Prize Cryptic Crossword 2199 by Phi

March 3, 2018

Saturday 24th February 2018

It’s probably invidious to do so, but with nothing much to say about last week’s Prize puzzle, I’m going to compare Phi with the only other once-a-week setter, Dac.

They’re not a million miles apart really, but Phi on a non-themed, non-Nina day is clearly a measure harder. He uses more obscurities – words like Lar as a deity in 12a, or 11a Beaumur would be surprising indeed on a Wednesday, but are common enough on a Saturday. Whilst Dac is rightly celebrated for his smoothness of surfaces and seemingly effortless wordplay – he’s been called ‘the best pound-for-pound setter out there’ (or something like that) – we can all look to Phi to give us something a bit more challenging to get our teeth into at the weekend – a wide general knowledge goes a long way and there’s a good measure of the unexpected to boot.

COD was my last one in:

15a Dead ringer initially seen in ring of shadows (9)


Update. I’ve just read the 2013 blog on Fifteensquared here and discovered there is indeed a Nina. Frankly I despair, and I’m afraid Phi and I will have to agree to differ as to whether Ninas are there for the setter’s amusement or the solvers’.

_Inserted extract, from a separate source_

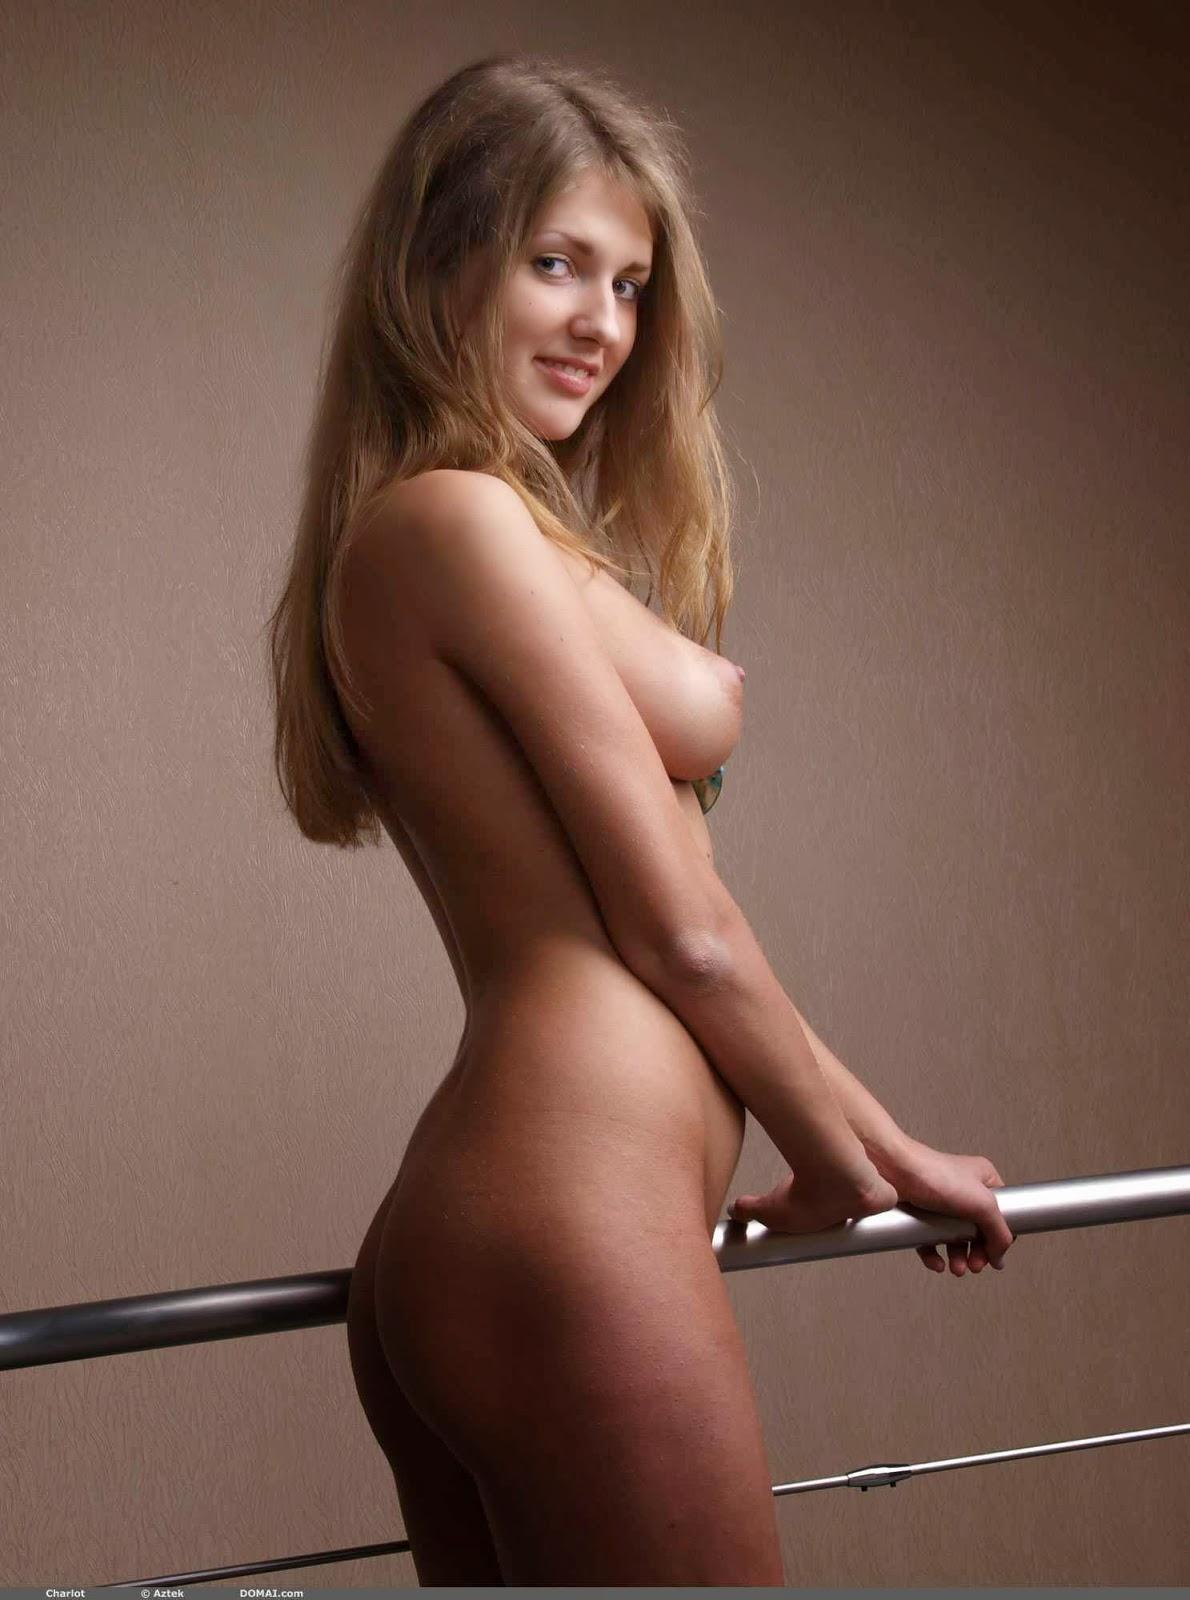 Charlot lepotica seks dekle soba slike-5413

4 Responses to “Prize Cryptic Crossword 2199 by Phi”

  1. batarde said

    I have a sprinkling of ticks, including the worthy COD; a “yuk” next to 27ac, and “again?!” by Zelda. Don’t worry, I’m not about to repeat my tirade on that subject. Not a great deal to say about the puzzle as a whole, but it’s interesting to have my suspicion confirmed that Phi uses Ninas as a means to get the grid filling process started. Mike Laws used to do something similar when compiling Mephistos, so he says, but I never spotted what he was up to and probably wasn’t intended to. Perhaps it’s a commoner strategy than we think.

  2. jonofwales said

    A little tricky here and there I thought, and enjoyable with or without spotting any Nina. 🙂 And a Saturday when I had a newspaper to solve off – we’re still a little cut off here. Shelves stripped bare, and punters desperately seeking milk (don’t tell them I’ve got a cupboard full of long-life), and in my case the i, to no avail.

  3. sprouthater said

    Despite the compulsory classical music reference and the odd obscurity I quite enjoyed this perhaps it was the absence of a theme or the inclusion of one of my favourite words at 19dn.
    Here in Somerset we had the i and bread but no milk.